> **Input records**:
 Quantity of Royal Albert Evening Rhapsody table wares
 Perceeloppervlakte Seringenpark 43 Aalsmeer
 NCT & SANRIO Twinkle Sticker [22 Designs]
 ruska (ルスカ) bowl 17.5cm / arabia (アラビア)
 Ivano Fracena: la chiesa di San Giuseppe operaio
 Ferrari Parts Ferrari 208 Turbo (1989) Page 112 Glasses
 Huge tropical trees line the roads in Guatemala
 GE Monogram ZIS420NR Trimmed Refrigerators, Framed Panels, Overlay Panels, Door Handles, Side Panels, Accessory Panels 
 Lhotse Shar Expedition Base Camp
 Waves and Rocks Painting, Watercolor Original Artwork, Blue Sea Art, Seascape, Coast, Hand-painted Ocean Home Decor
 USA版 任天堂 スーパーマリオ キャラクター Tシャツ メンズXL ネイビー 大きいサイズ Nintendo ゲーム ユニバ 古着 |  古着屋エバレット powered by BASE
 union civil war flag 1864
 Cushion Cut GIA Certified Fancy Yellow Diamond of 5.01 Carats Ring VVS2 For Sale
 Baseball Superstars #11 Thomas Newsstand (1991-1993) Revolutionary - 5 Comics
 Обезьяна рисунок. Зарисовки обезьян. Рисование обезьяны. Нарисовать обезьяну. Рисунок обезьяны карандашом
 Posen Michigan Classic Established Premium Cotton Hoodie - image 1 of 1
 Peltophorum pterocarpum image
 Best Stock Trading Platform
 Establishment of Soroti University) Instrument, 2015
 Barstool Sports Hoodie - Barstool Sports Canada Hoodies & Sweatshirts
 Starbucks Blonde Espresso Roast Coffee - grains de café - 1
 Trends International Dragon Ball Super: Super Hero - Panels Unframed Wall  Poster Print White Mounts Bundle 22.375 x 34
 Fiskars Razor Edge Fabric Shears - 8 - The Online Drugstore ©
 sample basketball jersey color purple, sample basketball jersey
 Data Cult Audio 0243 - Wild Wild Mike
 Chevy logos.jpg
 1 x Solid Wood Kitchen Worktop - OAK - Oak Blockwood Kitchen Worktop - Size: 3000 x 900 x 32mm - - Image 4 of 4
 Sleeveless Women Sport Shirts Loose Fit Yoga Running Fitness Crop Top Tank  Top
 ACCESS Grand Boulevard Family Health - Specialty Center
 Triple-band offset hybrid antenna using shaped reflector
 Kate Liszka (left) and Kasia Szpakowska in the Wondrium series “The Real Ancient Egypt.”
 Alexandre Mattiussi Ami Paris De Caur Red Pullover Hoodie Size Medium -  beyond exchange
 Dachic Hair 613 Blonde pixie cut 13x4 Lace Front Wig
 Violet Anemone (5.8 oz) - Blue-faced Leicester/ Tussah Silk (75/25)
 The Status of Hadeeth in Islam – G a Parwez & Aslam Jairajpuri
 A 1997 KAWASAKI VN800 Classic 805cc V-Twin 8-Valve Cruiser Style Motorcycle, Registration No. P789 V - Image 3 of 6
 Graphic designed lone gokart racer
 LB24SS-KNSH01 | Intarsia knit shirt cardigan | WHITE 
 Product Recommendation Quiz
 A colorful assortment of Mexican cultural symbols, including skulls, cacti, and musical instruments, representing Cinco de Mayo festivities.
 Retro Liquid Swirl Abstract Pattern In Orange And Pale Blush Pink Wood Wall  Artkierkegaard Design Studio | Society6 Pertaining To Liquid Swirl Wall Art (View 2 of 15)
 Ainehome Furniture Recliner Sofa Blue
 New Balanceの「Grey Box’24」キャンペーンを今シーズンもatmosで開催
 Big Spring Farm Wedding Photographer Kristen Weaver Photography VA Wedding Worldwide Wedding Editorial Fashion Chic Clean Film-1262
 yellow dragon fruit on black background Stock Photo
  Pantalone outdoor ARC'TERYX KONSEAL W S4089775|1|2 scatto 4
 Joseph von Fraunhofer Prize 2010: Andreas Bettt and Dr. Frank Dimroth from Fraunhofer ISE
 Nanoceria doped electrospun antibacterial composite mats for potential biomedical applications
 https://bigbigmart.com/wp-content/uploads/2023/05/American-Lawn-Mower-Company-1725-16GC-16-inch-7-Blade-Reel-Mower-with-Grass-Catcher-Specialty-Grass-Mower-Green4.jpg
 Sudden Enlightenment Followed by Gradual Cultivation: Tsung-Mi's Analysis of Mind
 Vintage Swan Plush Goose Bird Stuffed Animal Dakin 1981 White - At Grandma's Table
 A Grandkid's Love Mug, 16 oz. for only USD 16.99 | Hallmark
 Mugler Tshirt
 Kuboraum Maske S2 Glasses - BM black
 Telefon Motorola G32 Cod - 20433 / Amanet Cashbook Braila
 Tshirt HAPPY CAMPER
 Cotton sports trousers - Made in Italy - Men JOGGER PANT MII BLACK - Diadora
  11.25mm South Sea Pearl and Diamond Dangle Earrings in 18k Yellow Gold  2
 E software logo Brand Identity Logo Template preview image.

> **Directions for this task**:
From the entries above, extract only the lines running from the one containing "NCT & SANRIO Twinkle Sticker [22 Designs]" through the one containing "Triple-band offset hybrid", inclusive.

> **Response**:
 NCT & SANRIO Twinkle Sticker [22 Designs]
 ruska (ルスカ) bowl 17.5cm / arabia (アラビア)
 Ivano Fracena: la chiesa di San Giuseppe operaio
 Ferrari Parts Ferrari 208 Turbo (1989) Page 112 Glasses
 Huge tropical trees line the roads in Guatemala
 GE Monogram ZIS420NR Trimmed Refrigerators, Framed Panels, Overlay Panels, Door Handles, Side Panels, Accessory Panels 
 Lhotse Shar Expedition Base Camp
 Waves and Rocks Painting, Watercolor Original Artwork, Blue Sea Art, Seascape, Coast, Hand-painted Ocean Home Decor
 USA版 任天堂 スーパーマリオ キャラクター Tシャツ メンズXL ネイビー 大きいサイズ Nintendo ゲーム ユニバ 古着 |  古着屋エバレット powered by BASE
 union civil war flag 1864
 Cushion Cut GIA Certified Fancy Yellow Diamond of 5.01 Carats Ring VVS2 For Sale
 Baseball Superstars #11 Thomas Newsstand (1991-1993) Revolutionary - 5 Comics
 Обезьяна рисунок. Зарисовки обезьян. Рисование обезьяны. Нарисовать обезьяну. Рисунок обезьяны карандашом
 Posen Michigan Classic Established Premium Cotton Hoodie - image 1 of 1
 Peltophorum pterocarpum image
 Best Stock Trading Platform
 Establishment of Soroti University) Instrument, 2015
 Barstool Sports Hoodie - Barstool Sports Canada Hoodies & Sweatshirts
 Starbucks Blonde Espresso Roast Coffee - grains de café - 1
 Trends International Dragon Ball Super: Super Hero - Panels Unframed Wall  Poster Print White Mounts Bundle 22.375 x 34
 Fiskars Razor Edge Fabric Shears - 8 - The Online Drugstore ©
 sample basketball jersey color purple, sample basketball jersey
 Data Cult Audio 0243 - Wild Wild Mike
 Chevy logos.jpg
 1 x Solid Wood Kitchen Worktop - OAK - Oak Blockwood Kitchen Worktop - Size: 3000 x 900 x 32mm - - Image 4 of 4
 Sleeveless Women Sport Shirts Loose Fit Yoga Running Fitness Crop Top Tank  Top
 ACCESS Grand Boulevard Family Health - Specialty Center
 Triple-band offset hybrid antenna using shaped reflector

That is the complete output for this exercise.